Original version on Kaggle

%%capture
!apt install -y lynx

!lynx -dump https://librivox.org/dubliners-by-james-joyce/|grep mp3|awk '{print $NF}'|grep 64kb|grep 'mp3$' > dubliners1.txt
!lynx -dump https://librivox.org/dubliners-by-james-joyce-2/|grep mp3|awk '{print $NF}'|grep 64kb|grep 'mp3$' > dubliners2.txt
!wget -i dubliners1.txt
!wget -i dubliners2.txt

!for i in *.mp3.1;do mv $i $(basename $i .mp3.1)_2.mp3;done

Here starts the actual ASR stuff.

!pip install transformers

EN_MODEL = "jonatasgrosman/wav2vec2-large-xlsr-53-english"
PHONE_MODEL = "vitouphy/wav2vec2-xls-r-300m-timit-phoneme"

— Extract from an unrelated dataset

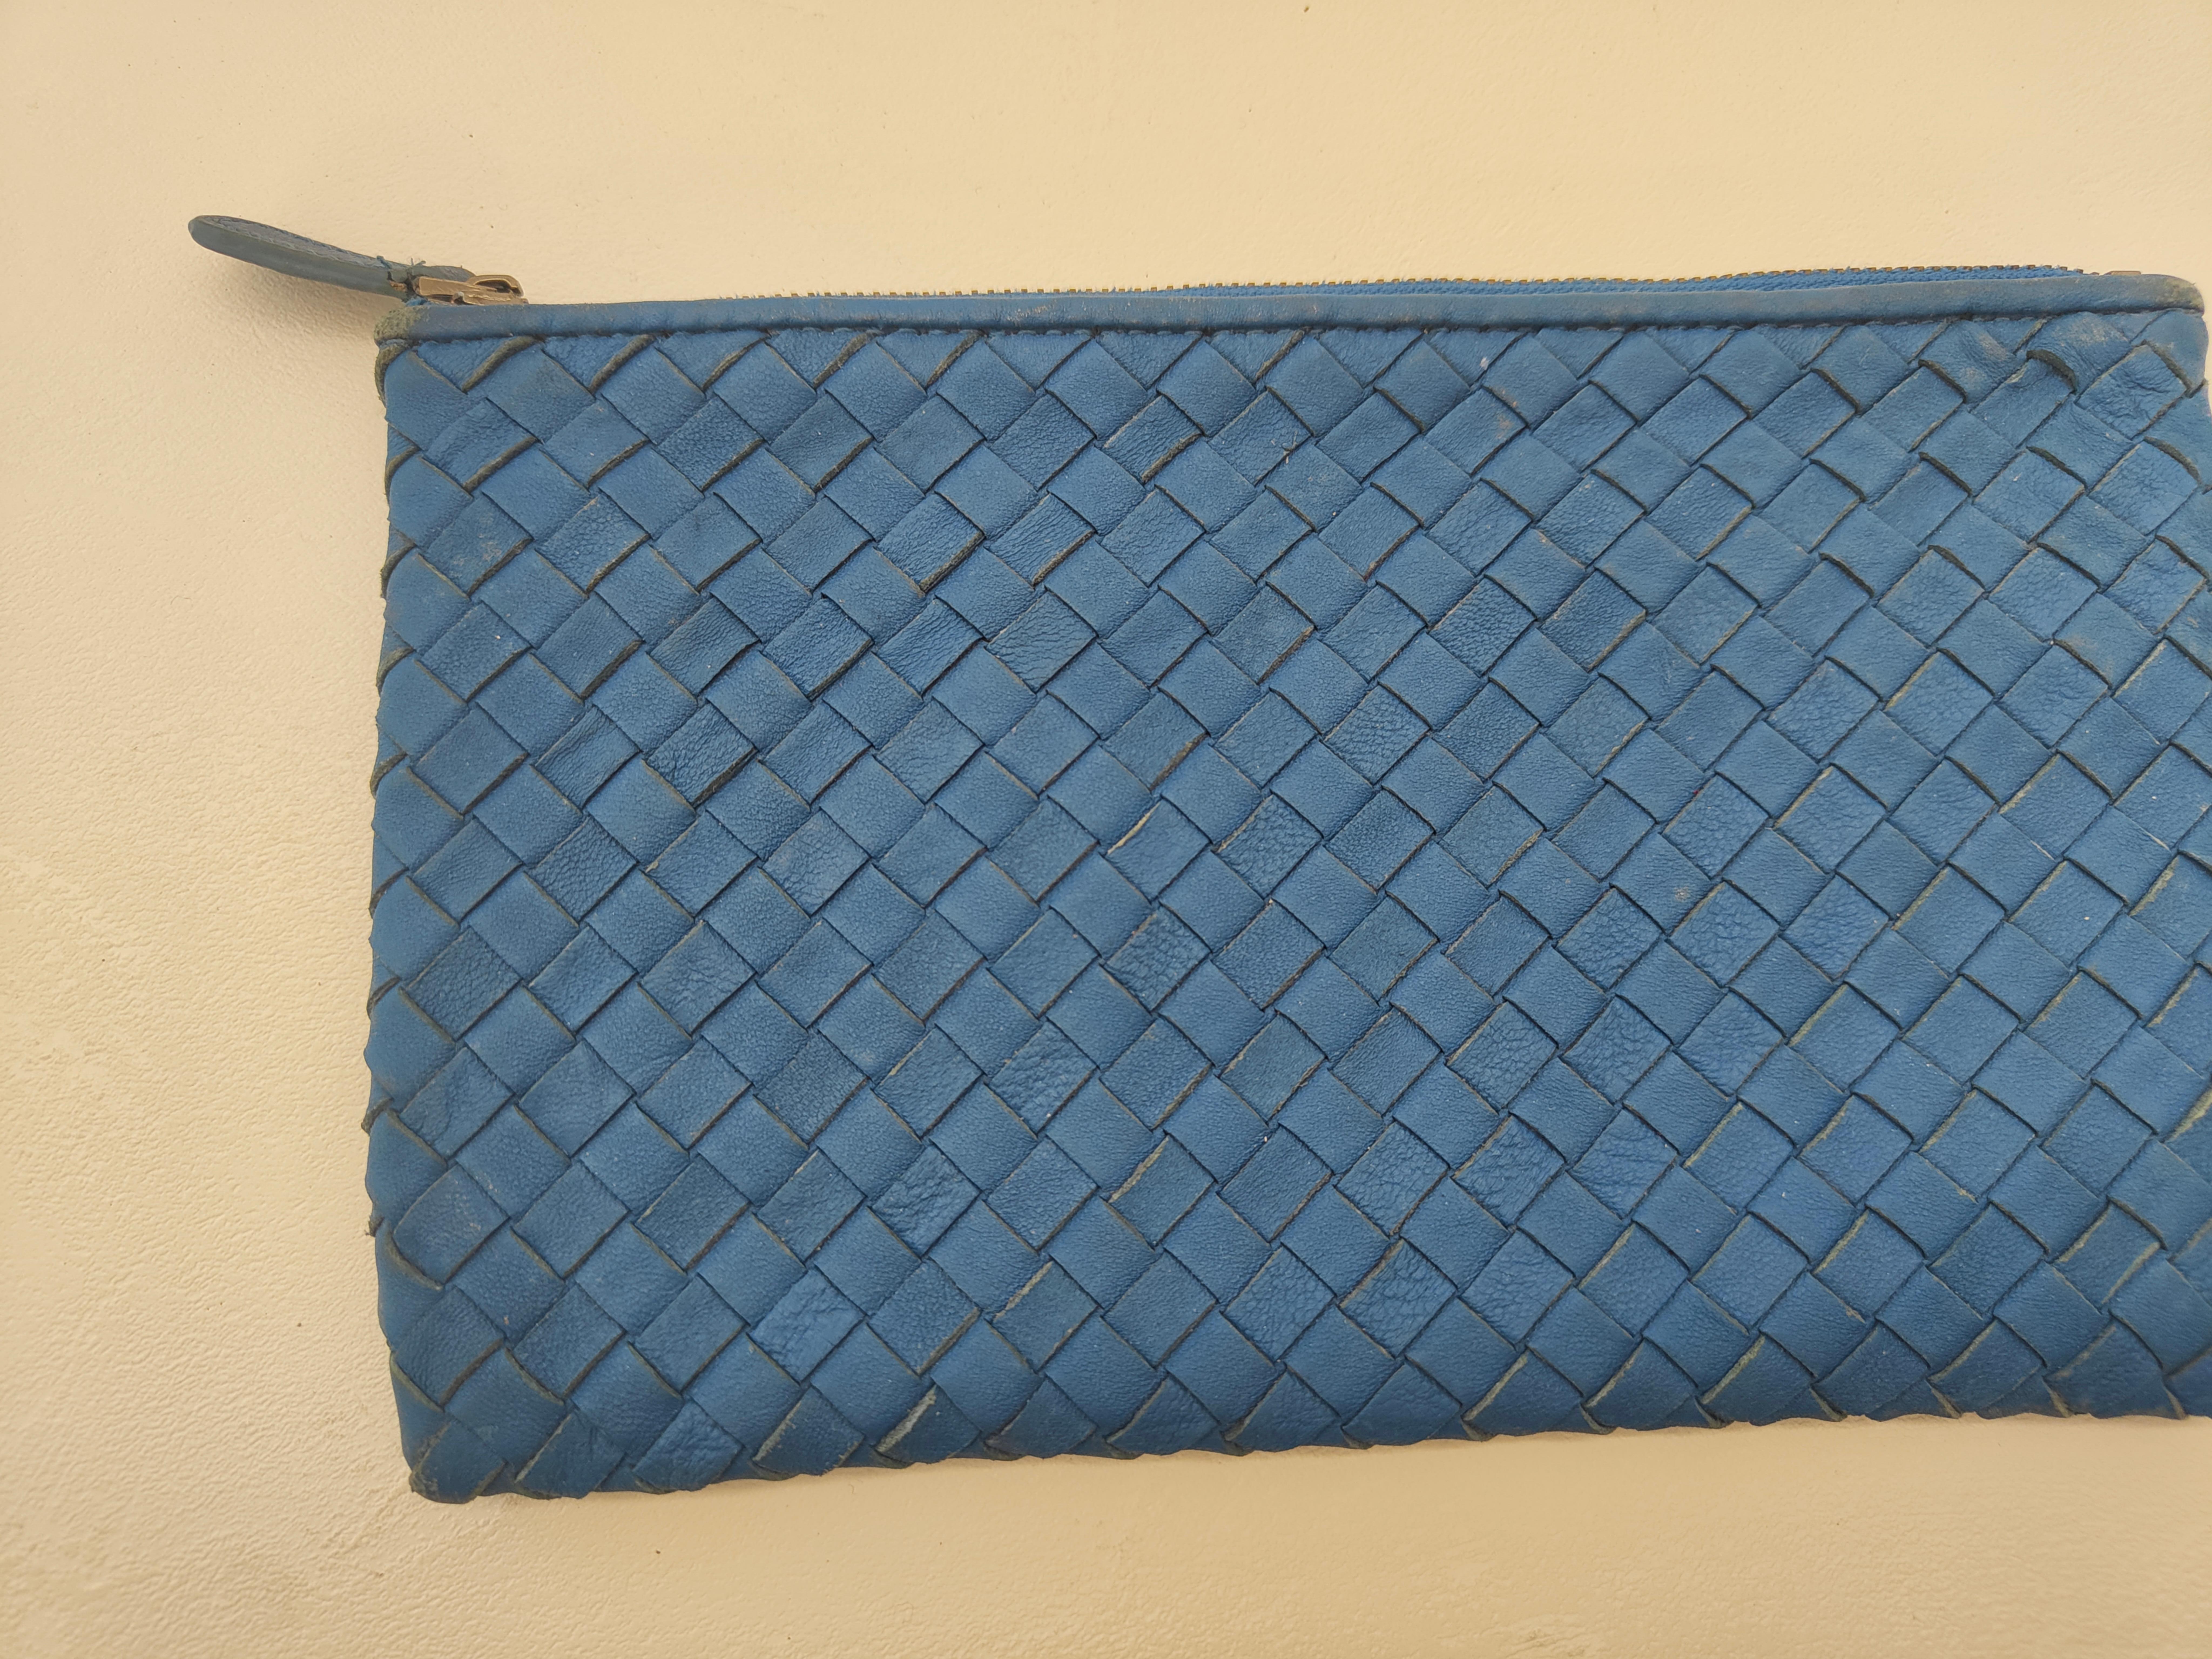 Botttega Veneta blue leather clutch wallet
23*13cm

from transformers import pipeline

pipe_en = pipeline(model=EN_MODEL, device=0)
pipe_phone = pipeline(model=PHONE_MODEL, device=1)

from pathlib import Path
import json
cur = Path(".")
for file in cur.glob("*.mp3"):
    en_out = pipe_en(str(file), chunk_length_s=10, return_timestamps="word")
    phone_out = pipe_phone(str(file), chunk_length_s=10, return_timestamps="word")
    stem = file.stem
    with open(f"{stem}_en.json", "w") as enfile:
        json.dump(en_out, enfile)
    with open(f"{stem}_phone.json", "w") as phonefile:
        json.dump(phone_out, phonefile)